Begin at the line containing "Vlad Thigh High Stockings: Red n' Black" and copy exactly through the last line of the listing, skipping every picture.

▸ **Data shown**
+ + + +
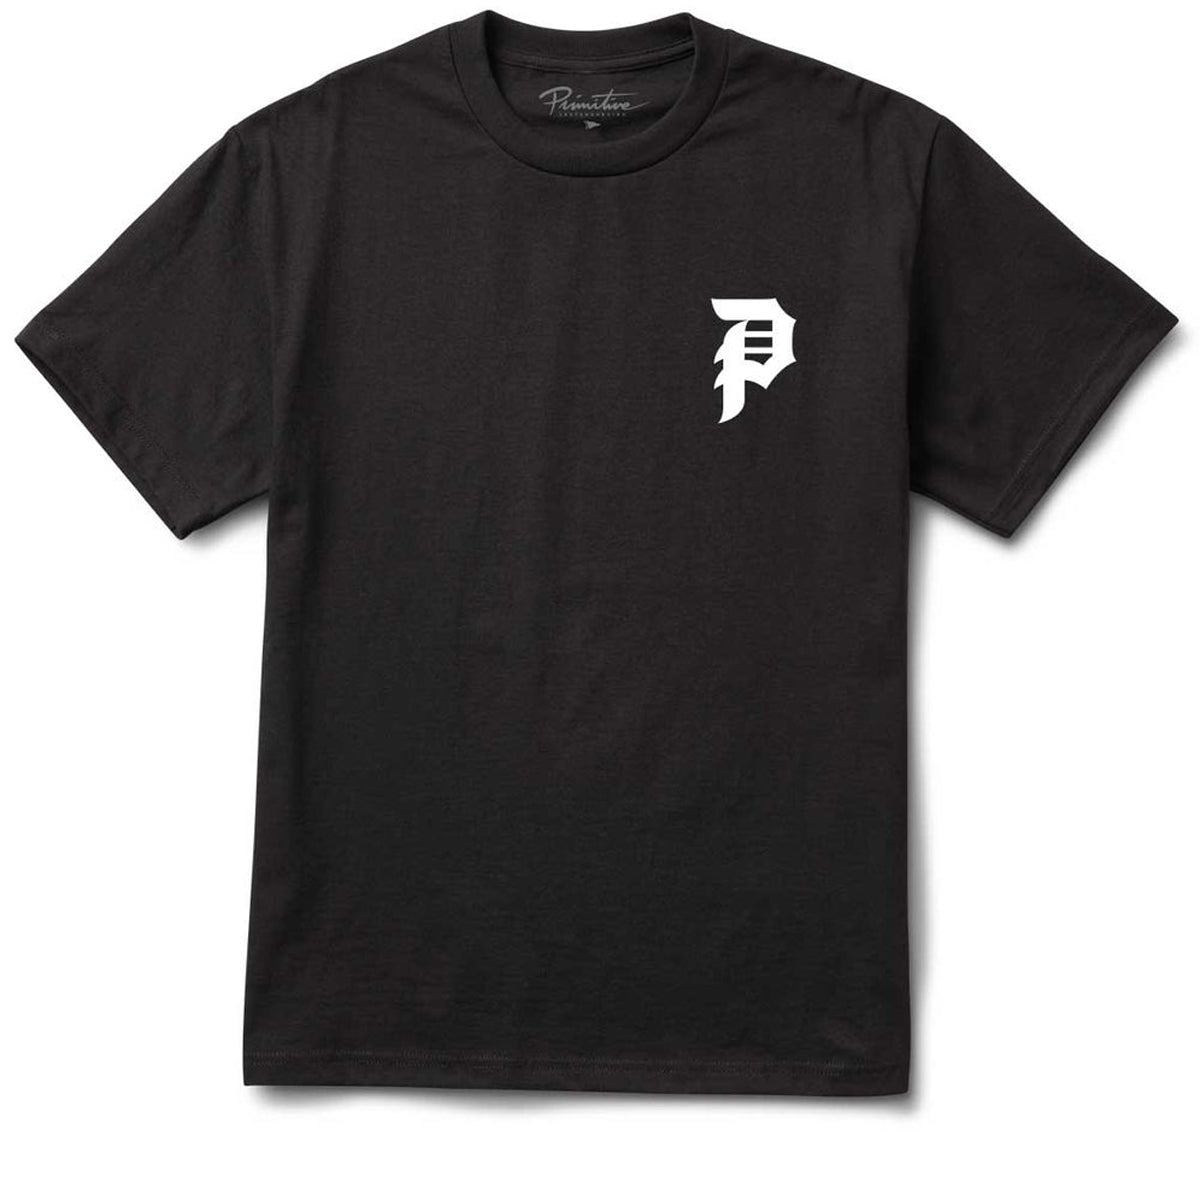 Primitive x Guns N' Roses Cross T-Shirt - Black image 2
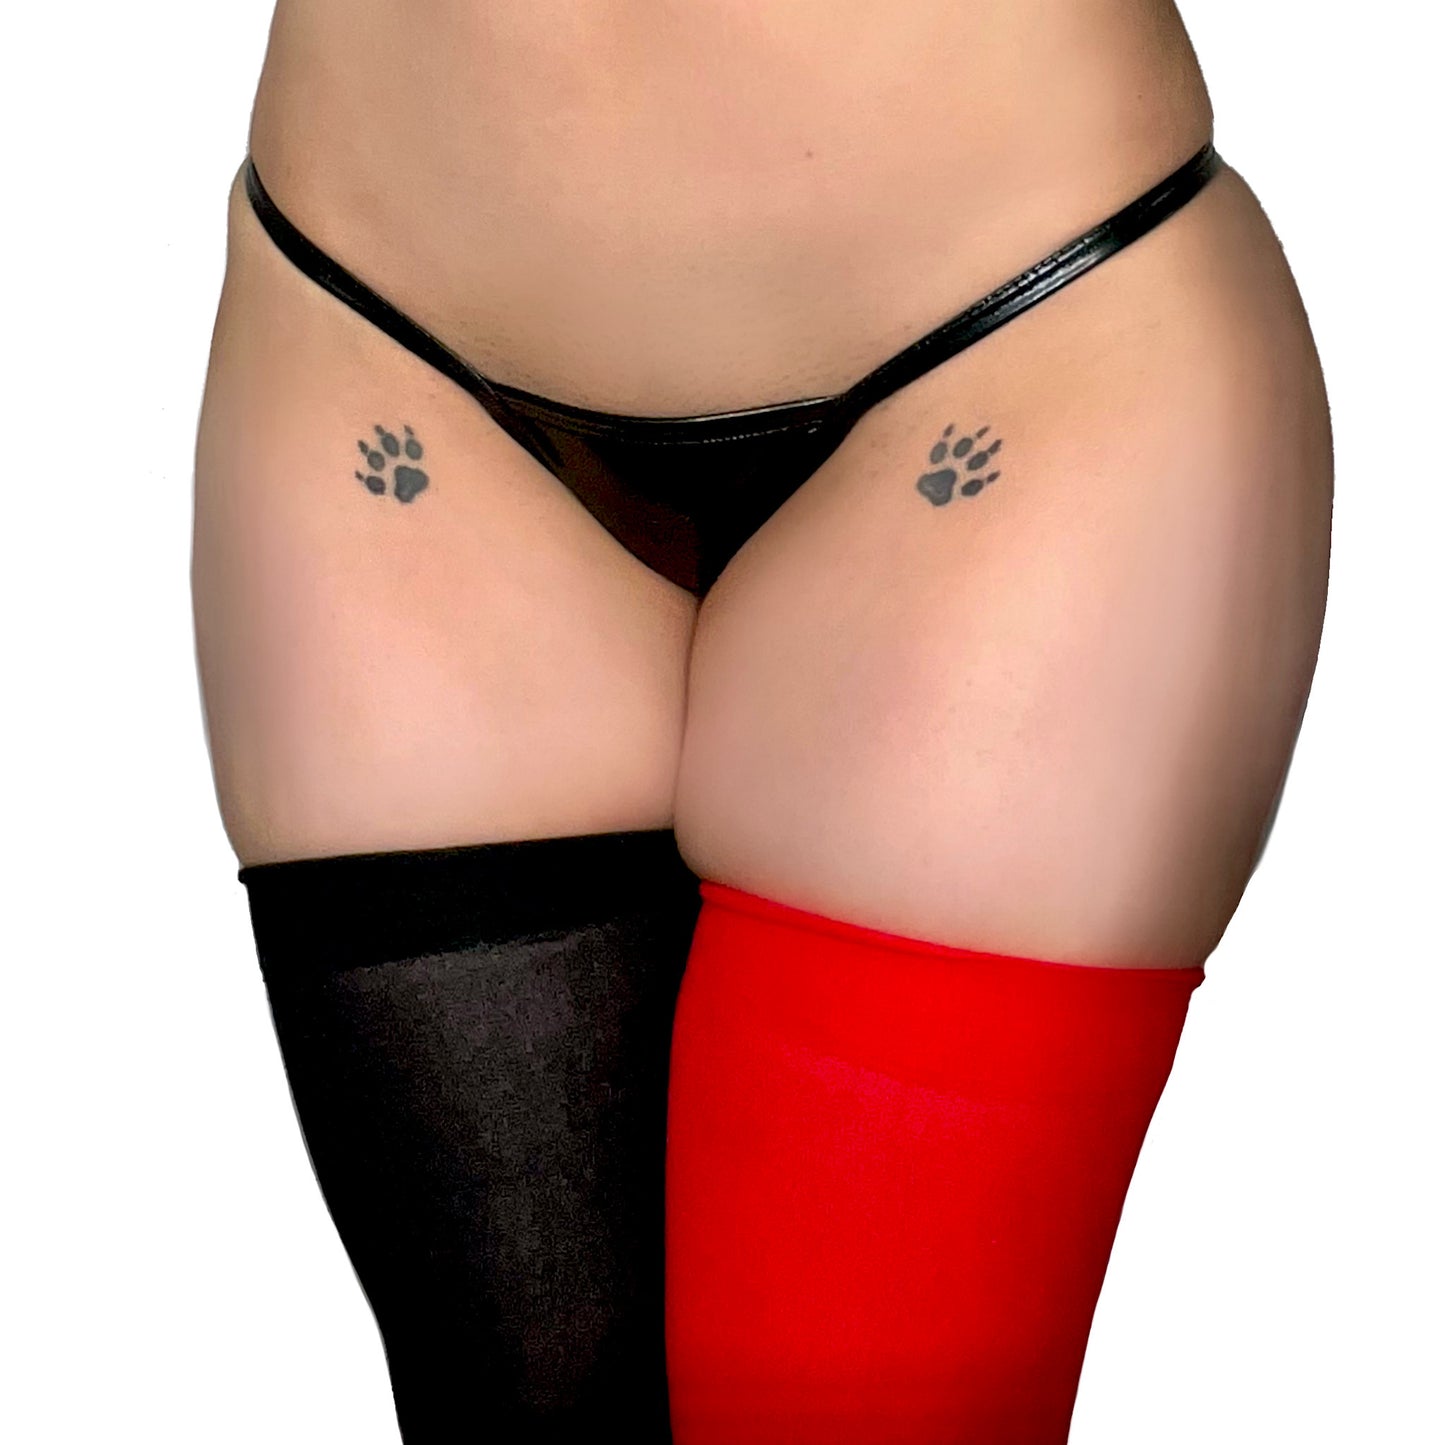 Vlad Thigh High Stockings: Red n' Black
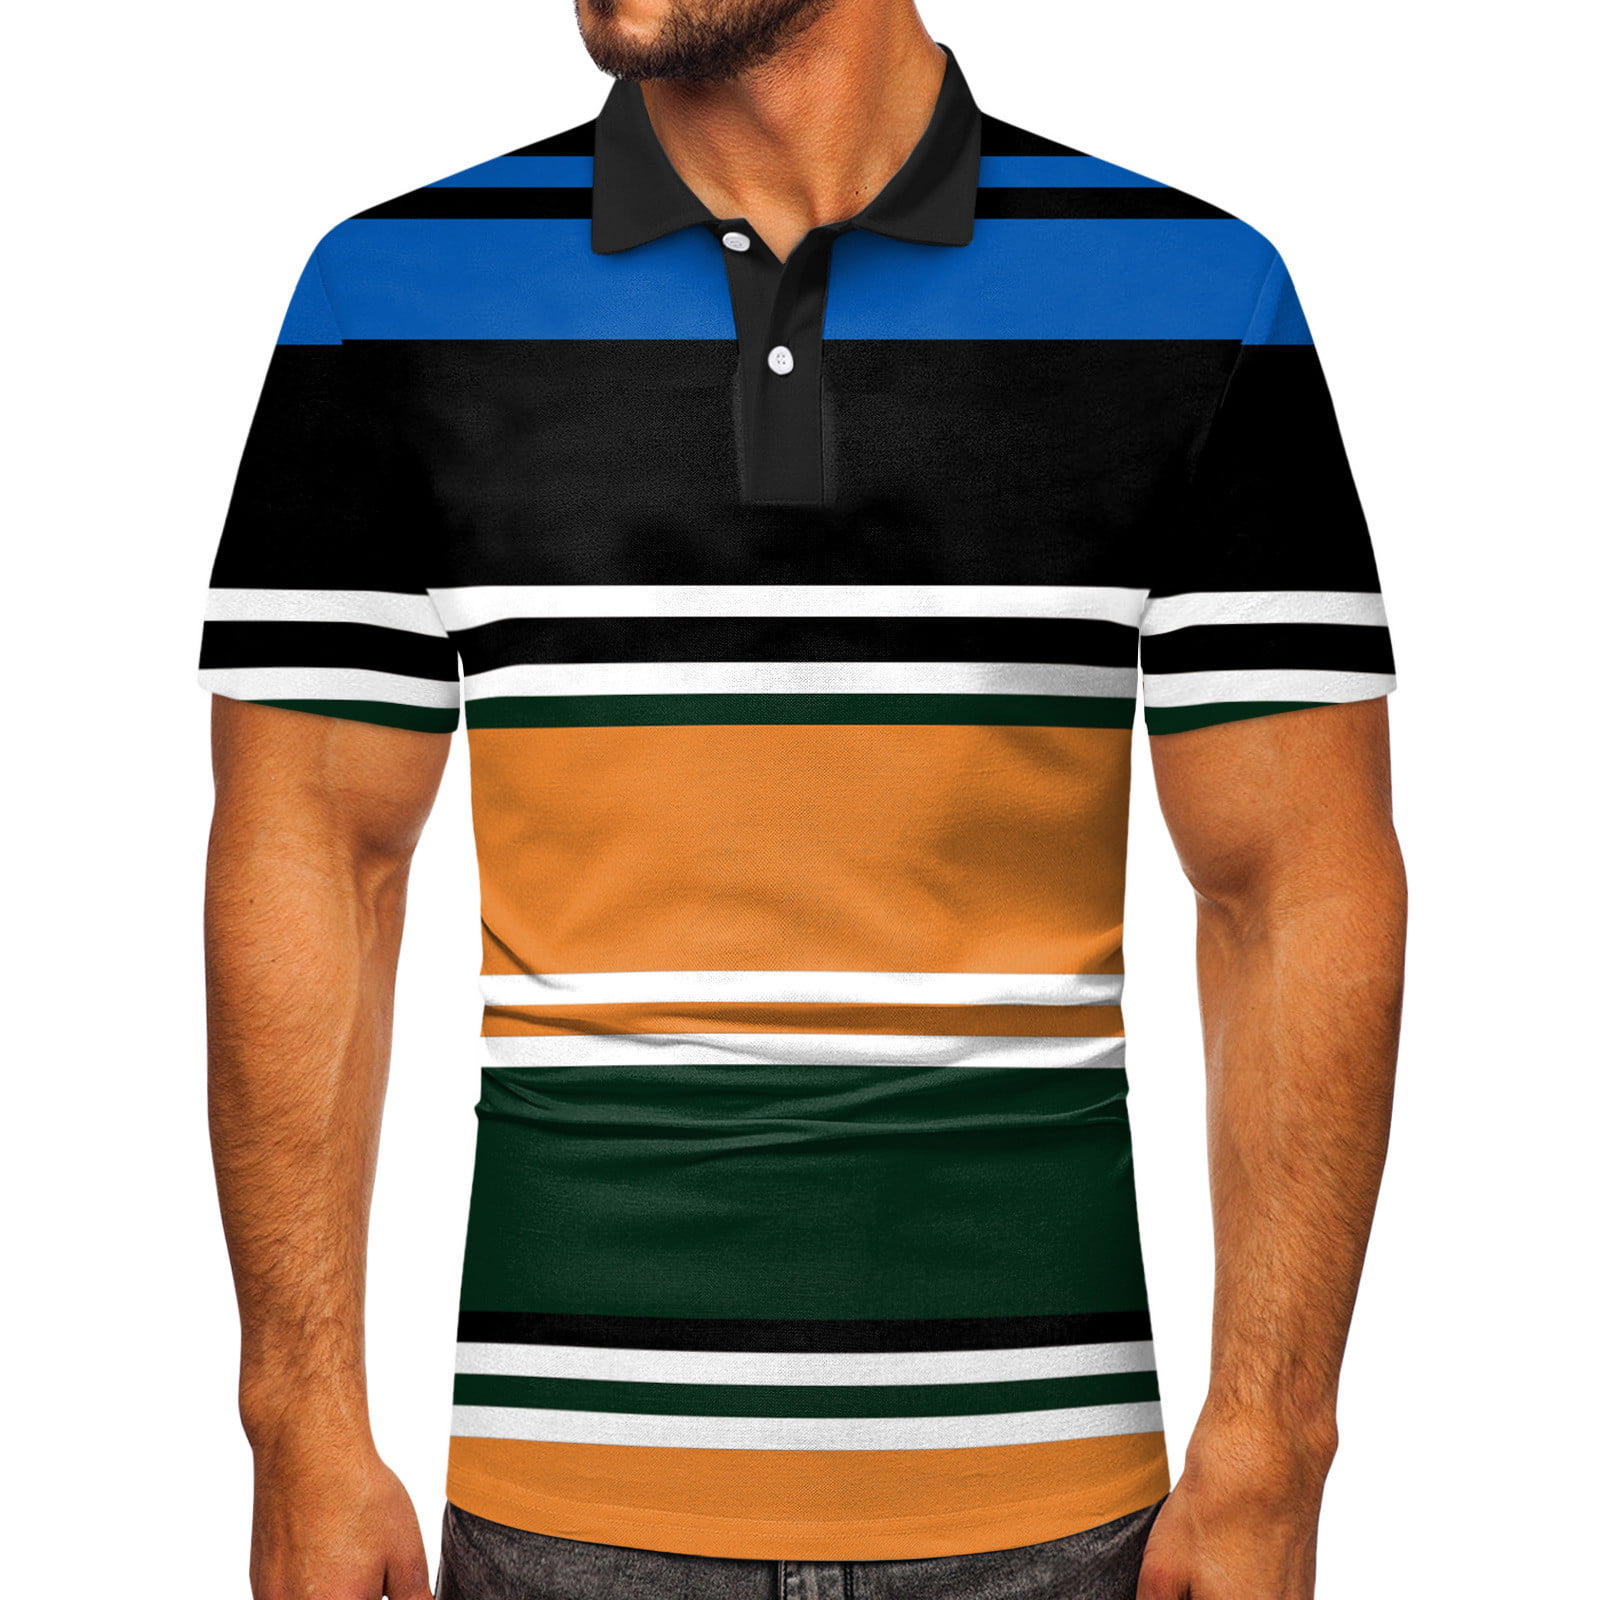 Quealent Polo Shirts For Men Men's Short Sleeve Shirt Cargo Tactical ...
+ + + +
▸ **Result of this exercise**
 Vlad Thigh High Stockings: Red n' Black
 Quealent Polo Shirts For Men Men's Short Sleeve Shirt Cargo Tactical ...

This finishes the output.